I used the R package irlba to augment the feature matrices with their principal components. Irlba is able to perform SVD on large sparse matrices.

I added 10 principal component columns to the matrix for tree models, and 20 to the matrix for logistic regression models. The main limitation here was that irlba started breaking or running a very long time when asked for more than this.

One interesting thing here is that this adds an aspect of unsupervised learning that includes the test-set patients.

**Bootstrap aggregation ("bagging")**

I wanted to take model uncertainty into account.
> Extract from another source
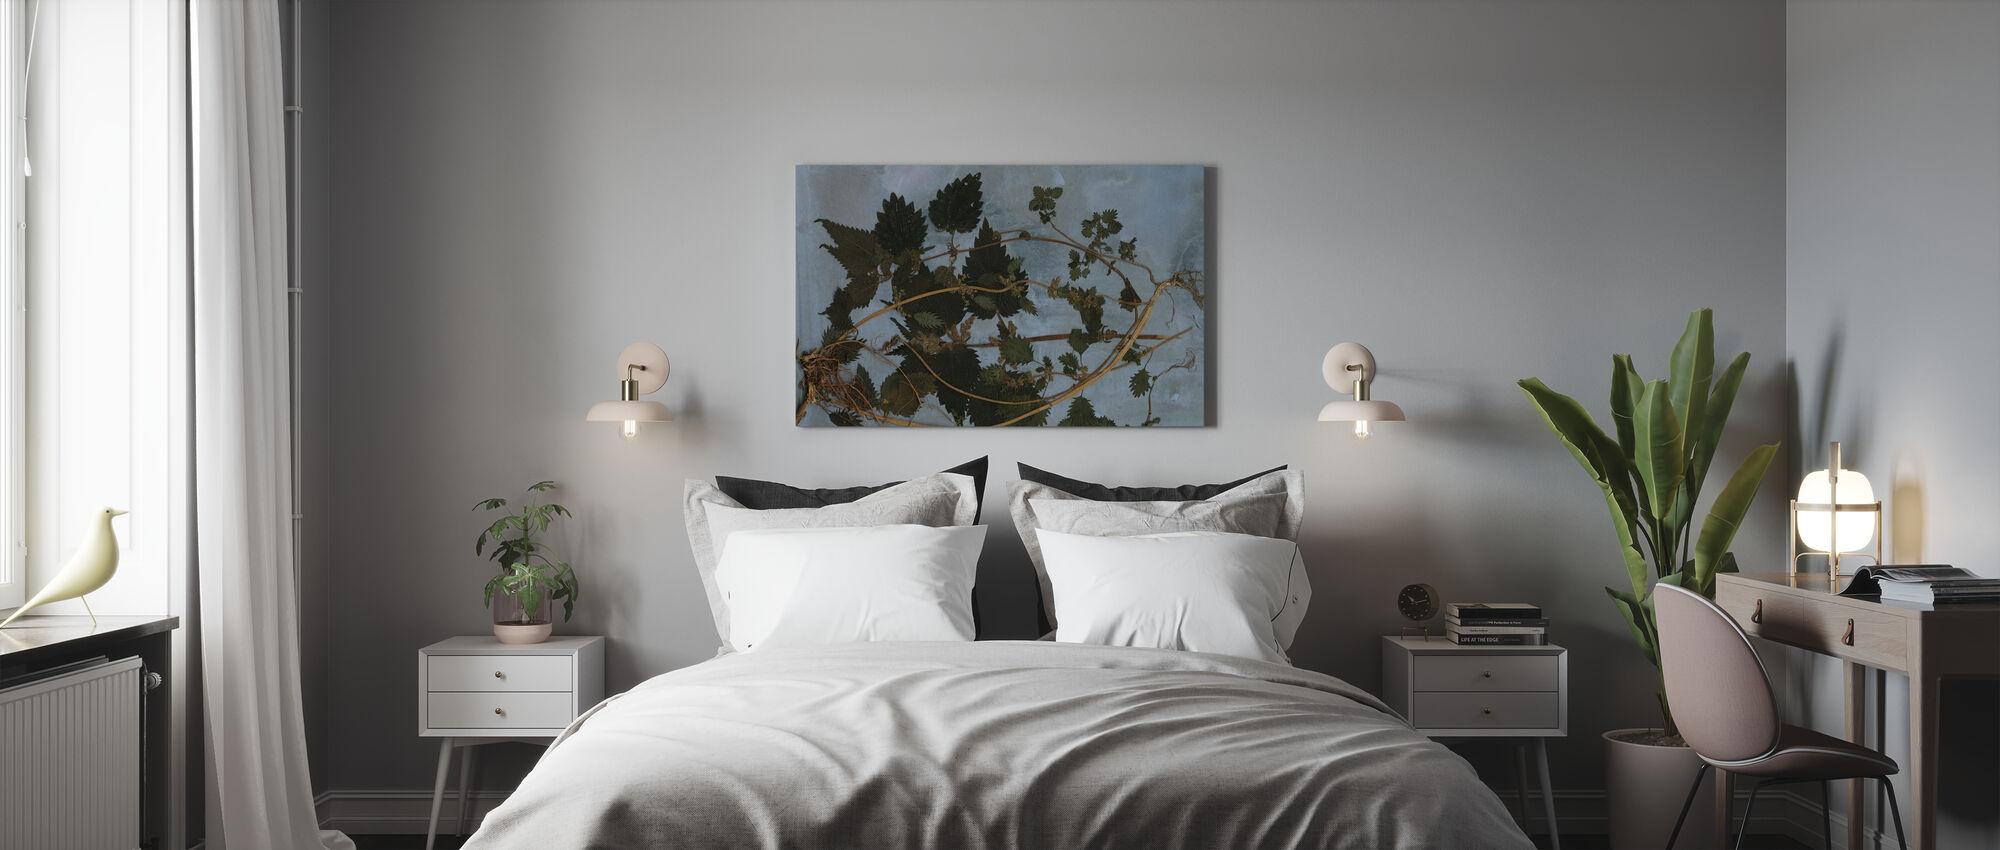 Brandnetels - Canvas print - Slaapkamer

If one possible model makes a very strong prediction, and another makes a weaker prediction, I wanted an intermediate prediction. The most likely model might not well characterize the full spread of possibilities.

To this end, each model was bootstrapped 60 times. Probabilities from these 60 bootstraps were averaged. The idea here is to obtain marginal probabilities, integrating over the posterior distribution of models. (Someone more familiar with the theory of bootstrapping could maybe tell me if this is a correct use of it. It certainly improved my AUC.)

Boostrapping is based on sampling with replacement. My bootstrapper function had one slightly fancy feature: overall, each data point is used the same number of times. Within this constraint, it mimics the distribution produced by sampling with replacement as closely as possible. I call this a "balanced bootstrap".

Since bootstraps always leave out about a third of the data, averaging over predictions from the left-out data provides a way to get probabilities for training-set patients that are not over-fitted. These are then used when blending different models. My "balanced bootstrap" scheme ensured every training-set patient was left out of the same proportion of bootrstaps, and I could dial the whole thing down to 2 bootstraps and still have it work if I wanted.

**Blending models**

The probabilities produced by different models were linearly blended so as to maximize AUC. I again used my bootstrapper to perform this, so I had a good prediction of how accurate it would be without needing to make a Kaggle submission. (Once you have a hammer...)

On to the models themselves.

**Regularized logistic regression with glmnet**

glmnet fits generalized linear models with a mixture of L2 (ridge) and L1 (lasso) regularization. I used glmnet to perform logistic regression.

glmnet's alpha parameter determines the mixture of L2 and L1 regression. alpha=0 means entirely L2 and alpha=1 means entirely L1. I found a tiny bit of L1 improved predictions slightly over purely L2 regularization. In the end I made one set of predictions using alpha=0.01 and one with alpha=0.

A neat feature of glmnet is that it fits a range of regularization amounts (lambda parameter) in one go, producing a path through coefficient space. As described above, I am always fitting models to bootstrapped data sets. I choose an optimal value for lambda each time to maximize the AUC for the patients left out by the bootstrap.

I want to mention one of the strengths of glmnet but not so relevant to a Kaggle competition: if you turn up alpha close or equal to 1, and turn up lambda high enough, it will produce a *sparse* set of coefficients with few enough non-zero coefficients that the model is *interpretable*. Here I've used a low value of alpha to get as accurate predictions as possible, but if I wanted an interpretable model I would do the opposite.

**Gradient boosted decision trees with XGBoost**

Speaking of non-interpretable models, my next and individually most accurate set of predictions came from XGBoost.

XGBoost creates a stack of decision trees, each tree additively refining the predicted log odds ratio for each patient. By piling up trees like this, and rather like glmnet, we have a path from high regularization to low regularization. Again I used the patients left out of the bootstrap sample to decide at what point along this path to stop.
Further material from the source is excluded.